Equipo inicios Amaníaco


-¿Que se encontrarán los lectores en este número 56 especial 30 aniversario de Amaníaco?
Bueno, este número empezamos a planteárnoslo hace ya un año, antes de que tuviéramos todo el follón del coronavirus, los confinamientos y demás movidas. Había dos opciones, por un lado podríamos haber hecho un número doble, con 128 páginas, pero como está la cosa como está, igual lo hubiéramos sacado, podría haber caído un nuevo confinamiento y nos lo comíamos con patatas. Ya nos pasó con el número de abril del año pasado... que acabó saliendo en junio, cuando empezó la desescalada.
 
La otra opción era incluir colaboraciones especiales, como se hizo en el número del décimo aniversario, en el que participaron Juan Álvarez y Jorge G. que hicieron la portada, Monteys, Fontdevila, Carlos Azagra, Max, Carlos Giménez... e incluir también algunos textos de los que empezamos montando el Amaníaco. Pero otra vez estamos con lo mismo, con las restricciones, habría sido muy difícil reunirnos todos y recordar anécdotas que pudiéramos incluir en este número.
 


Así que, al final, lo que se ha hecho ha sido recordar aquellas series y personajes que nos influyeron y que, gracias a ellos, nos dedicamos a esto del cómic. Además, la portada es también un homenaje recordando la portada del 50 aniversario de Pulgarcito que dibujó Gin. Al fin y al cabo, nuestro principal referente fueron las revistas de Bruguera que habíamos leído de pequeños y no tan pequeños.

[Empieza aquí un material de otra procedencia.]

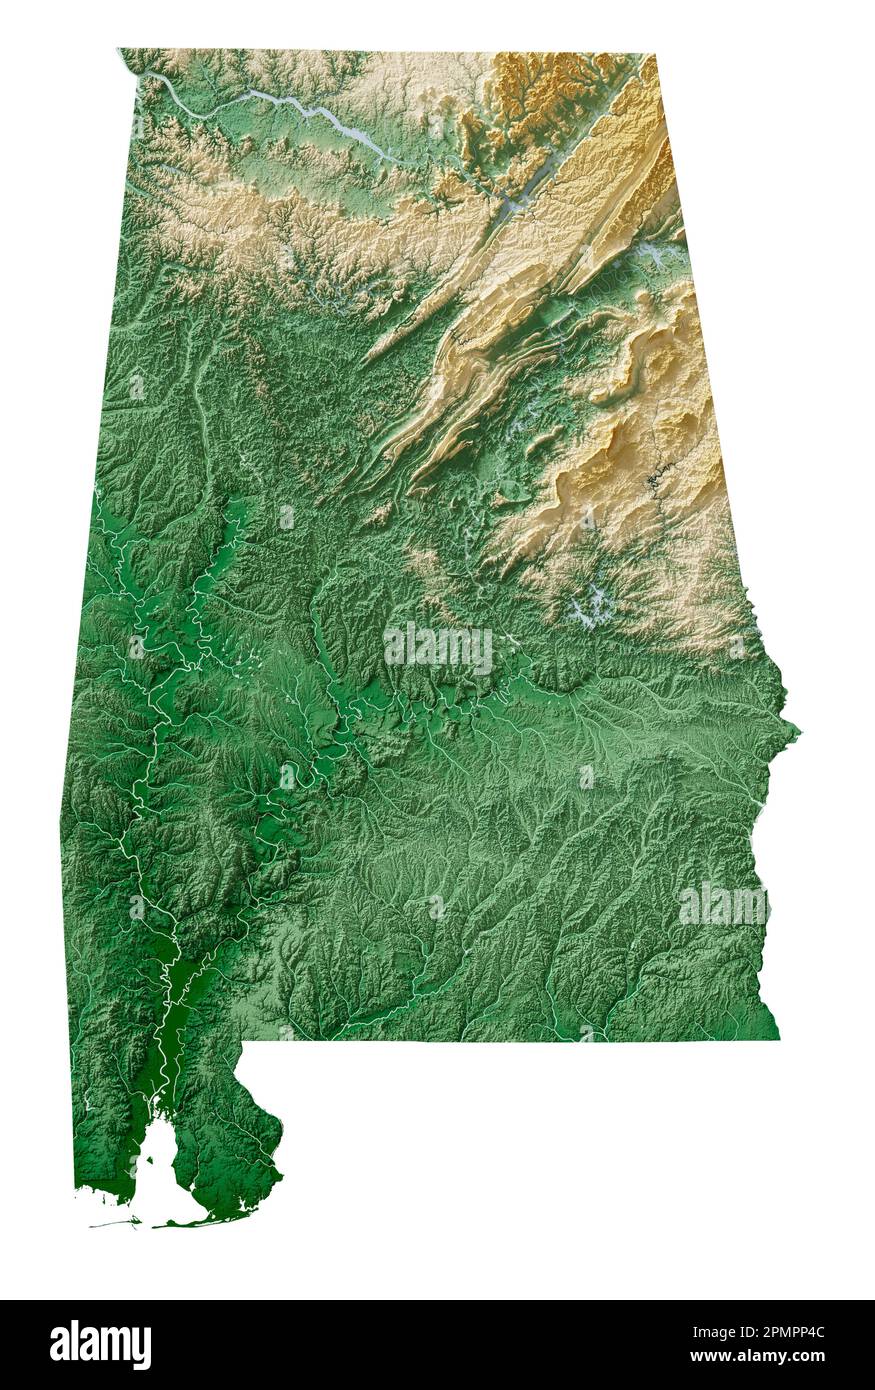 L'État américain de l'Alabama. Rendu 3D très détaillé de la carte de relief ombré avec les rivières et les lacs. Coloré par élévation. Créé avec des données satellite. Banque D'Images

- ¿Cómo se gestó el primer rudimentario número de Amaníaco en 1991? ¿Cuánto os costó? ¿Quiénes erais? ¿Y por qué ese nombre? 
Coincidimos un grupito en la escuela de cómic Joso y, hablando en clase o cuando volvíamos con el metro para casa, empezamos a madurar la idea de hacer un fanzine entre todos. Eso sería a finales de 1990, cuando empezamos a planificar las páginas y secciones que tendría el fanzine.
Al principio, los que montamos el tinglado fuímos Alexis Calvo, J.A. Noé, Toni Vizcarra, Daniel Aguilar y yo mismo. No obstante, en el número cero también colaboraron Francis Portela, que luego se añadiría al grupo que llevábamos el Amaníaco, Álex Martos, Xavier Font y Sergi López. Como en aquella época no teníamos un céntimo (y ahora seguimos sin tenerlo), entre todos pusimos tres mil pesetas para pagar las primeras fotocopias. Pero como no salieron con una calidad lo suficientemente aceptable como para llevar el Amaníaco a las tiendas, tuvimos que repetirlas y nos tocó rascarnos el bolsillo de nuevo para poderlas hacer.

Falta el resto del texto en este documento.